* _DATASET ENTRIES_

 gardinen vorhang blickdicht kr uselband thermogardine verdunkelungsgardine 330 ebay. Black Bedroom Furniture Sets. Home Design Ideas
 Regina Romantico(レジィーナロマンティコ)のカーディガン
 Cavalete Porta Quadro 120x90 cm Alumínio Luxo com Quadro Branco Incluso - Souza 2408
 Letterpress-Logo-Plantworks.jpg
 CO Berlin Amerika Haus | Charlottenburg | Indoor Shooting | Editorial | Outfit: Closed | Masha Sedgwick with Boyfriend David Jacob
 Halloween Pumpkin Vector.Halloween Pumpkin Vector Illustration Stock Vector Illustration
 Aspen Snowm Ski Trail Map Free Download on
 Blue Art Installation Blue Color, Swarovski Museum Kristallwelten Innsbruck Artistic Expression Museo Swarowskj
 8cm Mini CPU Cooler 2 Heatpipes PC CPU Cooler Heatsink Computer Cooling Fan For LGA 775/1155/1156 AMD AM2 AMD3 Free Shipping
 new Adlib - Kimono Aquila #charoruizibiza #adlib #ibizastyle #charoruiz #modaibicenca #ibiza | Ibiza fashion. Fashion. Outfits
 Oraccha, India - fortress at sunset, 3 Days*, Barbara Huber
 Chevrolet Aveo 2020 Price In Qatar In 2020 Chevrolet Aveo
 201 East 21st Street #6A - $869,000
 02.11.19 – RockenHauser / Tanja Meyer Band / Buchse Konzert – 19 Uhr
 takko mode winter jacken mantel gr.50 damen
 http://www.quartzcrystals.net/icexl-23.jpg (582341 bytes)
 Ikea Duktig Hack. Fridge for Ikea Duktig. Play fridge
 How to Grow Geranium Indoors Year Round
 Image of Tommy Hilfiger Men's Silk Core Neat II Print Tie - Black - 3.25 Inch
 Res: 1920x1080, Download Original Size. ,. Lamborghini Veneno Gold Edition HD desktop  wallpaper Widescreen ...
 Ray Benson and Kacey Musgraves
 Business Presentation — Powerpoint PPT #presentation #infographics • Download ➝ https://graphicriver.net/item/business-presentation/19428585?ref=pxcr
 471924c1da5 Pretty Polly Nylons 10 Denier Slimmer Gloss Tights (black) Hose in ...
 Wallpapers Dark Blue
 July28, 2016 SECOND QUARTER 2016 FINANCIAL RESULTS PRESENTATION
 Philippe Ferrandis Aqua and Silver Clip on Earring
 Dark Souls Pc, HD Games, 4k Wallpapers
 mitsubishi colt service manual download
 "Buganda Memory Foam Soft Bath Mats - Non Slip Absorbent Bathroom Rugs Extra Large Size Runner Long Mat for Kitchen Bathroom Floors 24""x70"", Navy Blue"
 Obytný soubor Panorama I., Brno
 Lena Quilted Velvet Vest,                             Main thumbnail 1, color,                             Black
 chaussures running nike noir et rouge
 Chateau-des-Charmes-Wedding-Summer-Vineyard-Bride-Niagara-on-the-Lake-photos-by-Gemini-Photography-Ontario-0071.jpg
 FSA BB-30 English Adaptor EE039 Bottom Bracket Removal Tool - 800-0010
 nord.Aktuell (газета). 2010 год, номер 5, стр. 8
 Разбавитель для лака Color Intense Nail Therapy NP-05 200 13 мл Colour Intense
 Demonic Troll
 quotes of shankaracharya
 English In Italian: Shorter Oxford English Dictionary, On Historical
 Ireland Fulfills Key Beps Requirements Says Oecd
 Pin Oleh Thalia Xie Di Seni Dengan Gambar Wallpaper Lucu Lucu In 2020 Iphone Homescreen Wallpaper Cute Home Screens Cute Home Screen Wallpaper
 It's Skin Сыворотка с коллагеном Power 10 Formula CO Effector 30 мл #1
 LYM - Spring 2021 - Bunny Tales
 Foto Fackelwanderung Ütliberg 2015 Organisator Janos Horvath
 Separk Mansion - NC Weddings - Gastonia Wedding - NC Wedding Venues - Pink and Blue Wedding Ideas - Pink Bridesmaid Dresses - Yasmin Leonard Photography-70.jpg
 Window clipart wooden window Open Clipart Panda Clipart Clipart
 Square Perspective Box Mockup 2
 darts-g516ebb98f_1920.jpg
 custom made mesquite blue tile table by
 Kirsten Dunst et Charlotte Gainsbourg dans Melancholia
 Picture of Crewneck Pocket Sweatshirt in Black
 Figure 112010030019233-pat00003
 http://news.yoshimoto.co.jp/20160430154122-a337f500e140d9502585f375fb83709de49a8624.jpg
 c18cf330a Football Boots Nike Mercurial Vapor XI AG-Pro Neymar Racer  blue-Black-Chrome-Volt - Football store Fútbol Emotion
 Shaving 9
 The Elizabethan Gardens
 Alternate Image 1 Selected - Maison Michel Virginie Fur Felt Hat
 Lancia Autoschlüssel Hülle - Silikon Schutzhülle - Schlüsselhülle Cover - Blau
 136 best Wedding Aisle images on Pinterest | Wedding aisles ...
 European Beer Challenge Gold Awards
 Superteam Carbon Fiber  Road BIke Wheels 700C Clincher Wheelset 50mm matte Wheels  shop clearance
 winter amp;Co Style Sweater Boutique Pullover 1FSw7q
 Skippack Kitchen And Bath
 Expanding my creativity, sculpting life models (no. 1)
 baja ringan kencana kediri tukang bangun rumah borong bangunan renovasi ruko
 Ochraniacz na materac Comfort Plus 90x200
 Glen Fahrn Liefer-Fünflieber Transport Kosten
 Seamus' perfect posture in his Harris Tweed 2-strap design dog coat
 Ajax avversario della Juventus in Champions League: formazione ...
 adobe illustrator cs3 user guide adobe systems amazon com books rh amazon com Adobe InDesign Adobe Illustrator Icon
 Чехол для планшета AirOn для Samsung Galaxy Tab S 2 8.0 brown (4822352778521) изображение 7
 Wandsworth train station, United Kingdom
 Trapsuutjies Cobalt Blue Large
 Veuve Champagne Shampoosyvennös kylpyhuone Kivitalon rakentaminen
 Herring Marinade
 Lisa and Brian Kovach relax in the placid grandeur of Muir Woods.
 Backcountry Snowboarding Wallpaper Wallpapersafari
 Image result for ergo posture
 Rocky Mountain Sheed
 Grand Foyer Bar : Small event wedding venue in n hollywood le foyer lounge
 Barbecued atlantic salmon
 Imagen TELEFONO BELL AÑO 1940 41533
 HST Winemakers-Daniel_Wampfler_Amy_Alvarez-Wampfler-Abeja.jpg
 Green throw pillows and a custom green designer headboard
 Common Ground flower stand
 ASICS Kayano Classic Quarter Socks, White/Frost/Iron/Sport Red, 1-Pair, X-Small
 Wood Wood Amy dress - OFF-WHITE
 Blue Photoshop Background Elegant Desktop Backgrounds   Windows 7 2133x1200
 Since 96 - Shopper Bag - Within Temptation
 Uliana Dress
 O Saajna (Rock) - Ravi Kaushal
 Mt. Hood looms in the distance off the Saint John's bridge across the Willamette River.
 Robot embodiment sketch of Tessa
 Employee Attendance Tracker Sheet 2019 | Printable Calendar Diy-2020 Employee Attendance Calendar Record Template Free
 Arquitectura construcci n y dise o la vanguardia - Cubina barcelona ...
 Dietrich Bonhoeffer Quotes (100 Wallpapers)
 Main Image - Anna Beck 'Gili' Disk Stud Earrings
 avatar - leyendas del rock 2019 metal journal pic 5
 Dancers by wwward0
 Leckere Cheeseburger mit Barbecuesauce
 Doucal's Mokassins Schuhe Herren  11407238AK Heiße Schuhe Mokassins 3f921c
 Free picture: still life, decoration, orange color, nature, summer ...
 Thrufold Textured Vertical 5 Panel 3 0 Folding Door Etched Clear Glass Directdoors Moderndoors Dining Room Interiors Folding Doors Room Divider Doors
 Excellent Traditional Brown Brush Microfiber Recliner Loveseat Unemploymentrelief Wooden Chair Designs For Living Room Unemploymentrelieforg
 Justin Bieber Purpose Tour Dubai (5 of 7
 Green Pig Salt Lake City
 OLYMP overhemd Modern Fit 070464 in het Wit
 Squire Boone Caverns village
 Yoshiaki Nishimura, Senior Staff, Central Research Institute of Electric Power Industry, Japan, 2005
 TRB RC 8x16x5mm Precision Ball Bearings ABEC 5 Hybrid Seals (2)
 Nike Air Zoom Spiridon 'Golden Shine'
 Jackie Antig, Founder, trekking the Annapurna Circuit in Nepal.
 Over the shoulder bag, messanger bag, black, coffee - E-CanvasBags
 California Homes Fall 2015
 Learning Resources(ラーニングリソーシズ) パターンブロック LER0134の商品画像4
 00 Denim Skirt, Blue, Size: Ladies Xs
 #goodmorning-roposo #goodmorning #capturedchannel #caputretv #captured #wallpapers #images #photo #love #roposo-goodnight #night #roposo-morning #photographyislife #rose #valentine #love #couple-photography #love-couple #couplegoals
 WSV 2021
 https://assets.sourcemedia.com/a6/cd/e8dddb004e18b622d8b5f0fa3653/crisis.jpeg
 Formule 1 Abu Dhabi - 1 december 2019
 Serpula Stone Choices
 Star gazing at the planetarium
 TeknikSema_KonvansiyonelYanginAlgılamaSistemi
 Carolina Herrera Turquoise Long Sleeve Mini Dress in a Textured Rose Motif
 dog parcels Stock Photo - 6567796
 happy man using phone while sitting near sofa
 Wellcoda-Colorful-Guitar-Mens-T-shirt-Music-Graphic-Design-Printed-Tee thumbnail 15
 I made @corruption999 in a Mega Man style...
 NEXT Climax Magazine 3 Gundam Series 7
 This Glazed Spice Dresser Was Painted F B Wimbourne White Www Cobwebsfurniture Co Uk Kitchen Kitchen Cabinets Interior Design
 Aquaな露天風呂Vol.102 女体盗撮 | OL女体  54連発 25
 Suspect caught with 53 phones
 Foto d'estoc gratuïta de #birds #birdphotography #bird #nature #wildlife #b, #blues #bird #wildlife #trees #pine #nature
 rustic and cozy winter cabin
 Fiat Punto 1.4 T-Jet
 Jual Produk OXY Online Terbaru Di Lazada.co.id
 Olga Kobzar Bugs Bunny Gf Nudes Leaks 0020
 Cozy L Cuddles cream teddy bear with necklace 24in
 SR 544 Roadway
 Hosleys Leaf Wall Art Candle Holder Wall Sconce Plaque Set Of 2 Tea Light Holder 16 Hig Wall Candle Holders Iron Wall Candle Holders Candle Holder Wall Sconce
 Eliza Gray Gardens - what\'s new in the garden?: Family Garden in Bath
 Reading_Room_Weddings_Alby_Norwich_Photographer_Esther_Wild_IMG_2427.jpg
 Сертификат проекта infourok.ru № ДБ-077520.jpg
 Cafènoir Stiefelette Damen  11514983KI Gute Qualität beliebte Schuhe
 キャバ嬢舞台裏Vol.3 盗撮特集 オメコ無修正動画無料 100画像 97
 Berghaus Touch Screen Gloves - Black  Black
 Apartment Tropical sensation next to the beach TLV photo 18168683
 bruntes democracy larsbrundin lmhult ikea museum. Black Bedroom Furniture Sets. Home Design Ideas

* _ASSIGNMENT_
Both the first line of the records above and the line containing "Letterpress-Logo-Plantworks.jpg" are to be transcribed exactly, together with every line between them, and nothing else.

* _RESULT FOR THIS EXERCISE_
 gardinen vorhang blickdicht kr uselband thermogardine verdunkelungsgardine 330 ebay. Black Bedroom Furniture Sets. Home Design Ideas
 Regina Romantico(レジィーナロマンティコ)のカーディガン
 Cavalete Porta Quadro 120x90 cm Alumínio Luxo com Quadro Branco Incluso - Souza 2408
 Letterpress-Logo-Plantworks.jpg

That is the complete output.